Codepoint A4 is indeed the Euro symbol in Latin-9.

daxim
Thanks using the link I see that the Euro is \x{20AC} but a ? is still showing up but I have tried a couple of other symbols and they work just fine. \x{00A3}
Phill Pafford
You are misreading the table. `U+20AC` is the codepoint of the Euro character in Unicode, but you said you want the encoding `Latin-9`. Use the row and column headers. `A` and `4` gives `A4`. This table is intended just for sanity checks, if you write such `\x` escape codes everywhere, it defeats the purpose of the `Encode` module. ⁓ You see the replacement character because you use the wrong terminal setting.

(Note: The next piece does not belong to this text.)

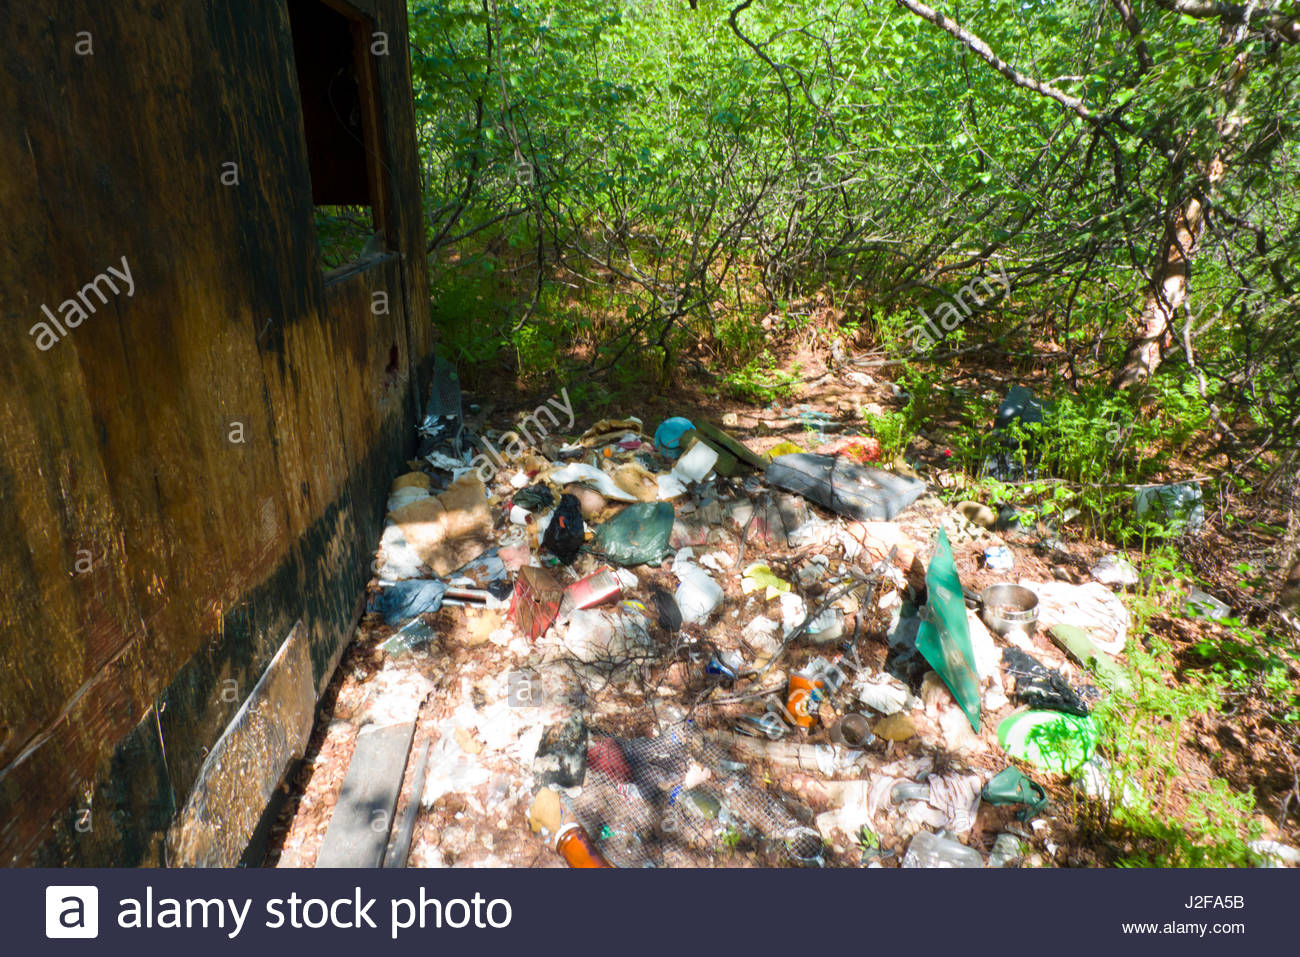 Alaska matanuska susitna county talkeetna - Piles Of Garbage At An Abandoned Squatter S Cabin Near Miami Lake Talkeetna Mountains Matanuska

Switch its character encoding to `Latin-9`, too. ⁓ Best explanation for character encoding in Perl is http://p3rl.org/UNI, read all of it.
daxim
A: 

"use utf8;" is, since Perl 5.8, only used to tell Perl that your source file is encoded in UTF-8.

So does the encoding of your source really matches what you're telling to Perl?

With 'vim' must use this option to write the file in UTF-8:

:set fenc=utf8

And to get back UTF-8 when you load the file, you must define fileencodings in your .vimrc:

set fileencodings=ucs-bom,utf-8,latin9
dolmen